Because of their emphasis on verisimilitude, rides and games offering real-life simulation environments may be heavily reliant on costly and complex supporting technologies requiring extensive synchronization and substantial information processing capabilities. As a result, those attractions are likely to be time consuming and expensive to develop, making their implementation a protracted process. For such reasons, new rides and games utilizing real-life simulations tend to be infrequently introduced, while those already in service may be operated over a span of years, or even decades, in order to make their implementation economically practicable. Consequently, these sophisticated attractions may not be responsive to rapidly changing user tastes and preferences.

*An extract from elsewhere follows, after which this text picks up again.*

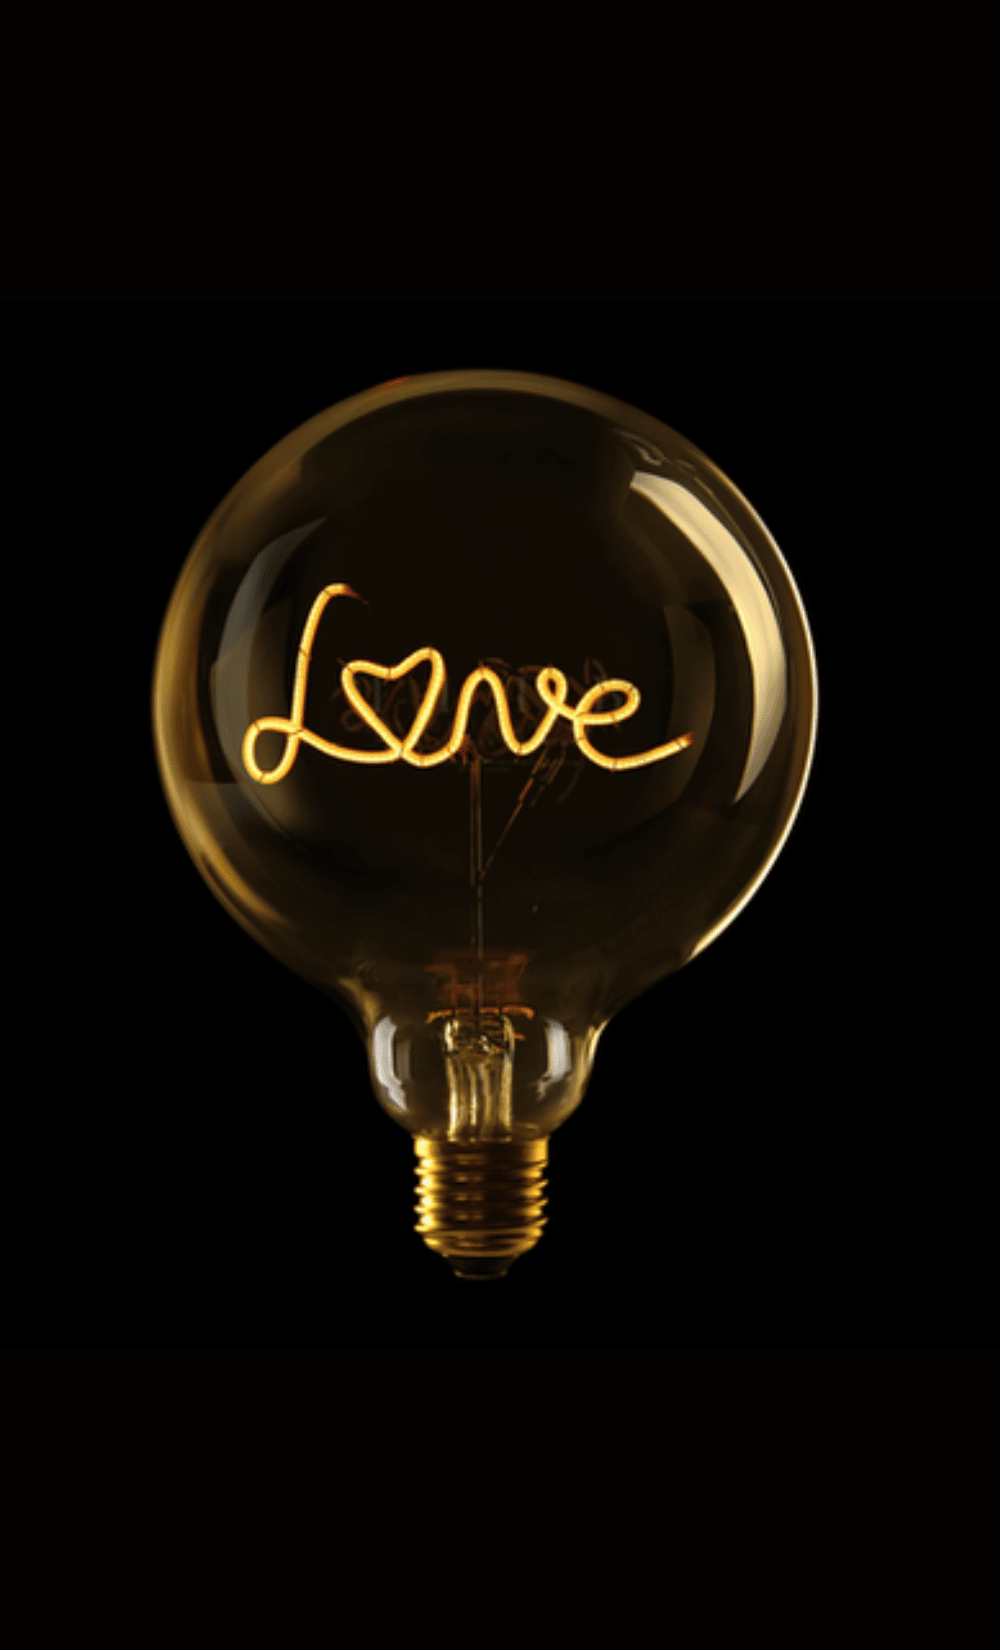 trinity-message-in-the-bulb-love

A recent competitor for the attention of the mostly young and technologically savvy public to whom realistic game or ride simulations may primarily appeal, are computer virtual environments, accessible over the Internet, for example. Computer based games and simulations utilize computer graphics applications to mimic a three-dimensional real-life environment, using the two-dimensional presentation available through a computer monitor or mobile device display screen. Because, from the standpoint of the provider of these forms of entertainment, the computer supported environments are software based, rather than requiring the combination of software, hardware, and mechanical devices needed to support a theme park game or ride, for example, they are considerably less costly to make available. As a result, there are a greater variety of computer virtual environments from which to choose, and a more frequent rate of introduction of new or varied computer entertainment based on those environments, than are found in the theme park attraction context.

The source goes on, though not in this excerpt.